Overview
- Filed as W.P.(C) No. 1059/2025 by wellness advocate Luke Christopher Coutinho, the petition asks the Supreme Court to declare a national public health emergency over air pollution; the matter is newly filed with no court orders or government response reported.
- Key reliefs sought include a time‑bound national action plan, making NCAP targets legally binding, creation of a National Task Force on Air Quality and Public Health, curbs on crop‑residue burning with farmer incentives, and phasing out high‑emitting vehicles alongside stricter industrial emissions enforcement.
- Citing exceedances of India’s NAAQS and WHO guidelines, the plea flags annual PM2.5 levels of about 105 μg/m³ in Delhi, 90 μg/m³ in Lucknow, and 33 μg/m³ in Kolkata, far above the WHO’s 5 μg/m³ benchmark.

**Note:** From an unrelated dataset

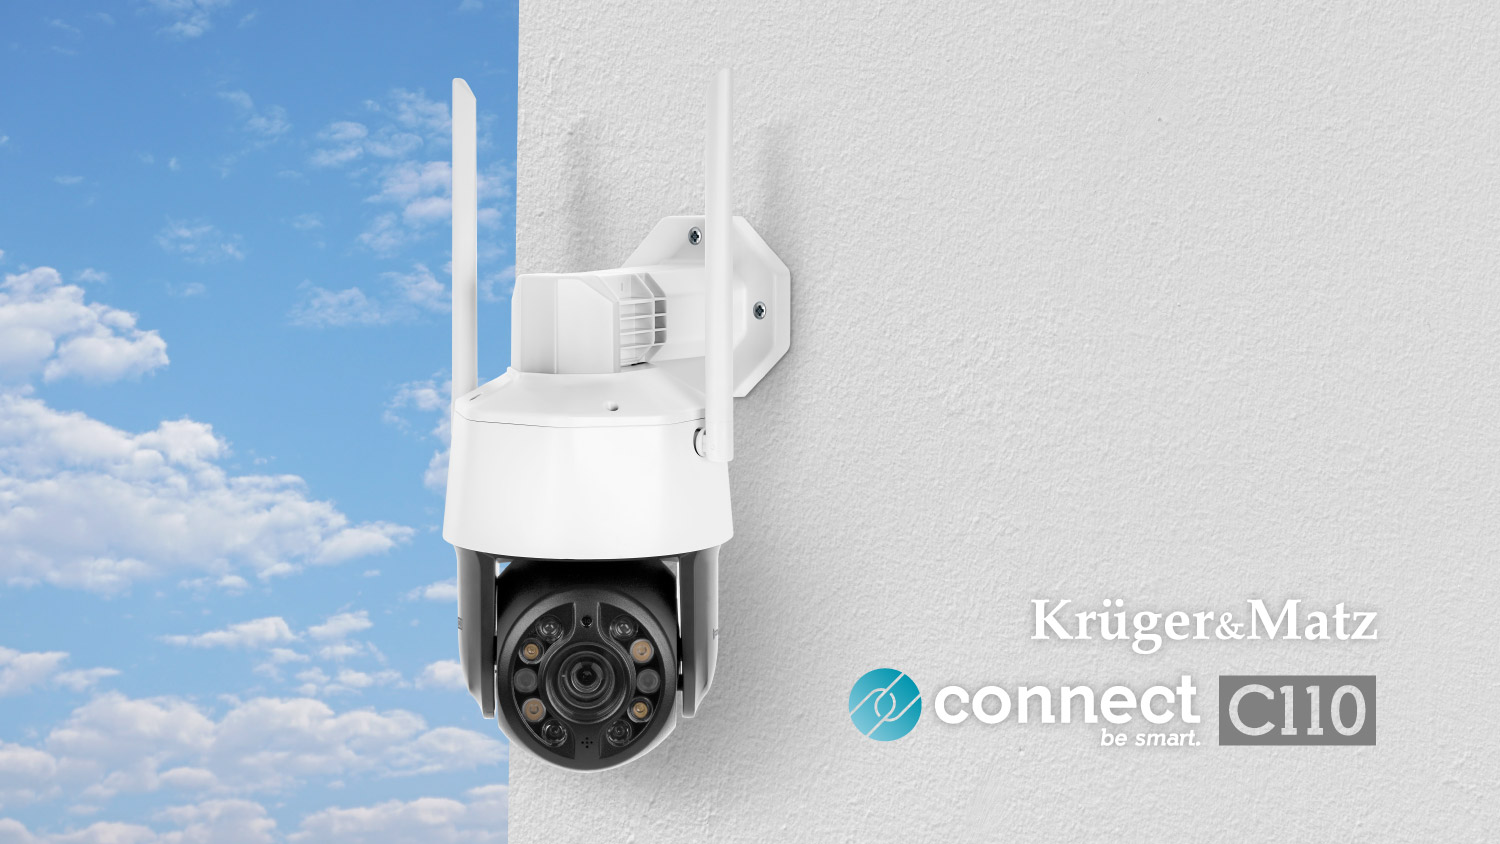 Camera Wi-Fi pentru exterior Kruger&Matz Connect C110

- The petition contends NCAP has underperformed, noting official data that only 25 of 130 designated cities achieved a 40% reduction in PM10 from the 2017 baseline as of July 2025, while 25 cities worsened.
- Monitoring and enforcement are alleged to be inadequate, with experts estimating a need for roughly 4,000 monitoring stations nationwide and reports of BS‑VI vehicles in the NCR emitting nitrogen oxides above permissible limits without corresponding Air Act prosecutions in Delhi in 2019.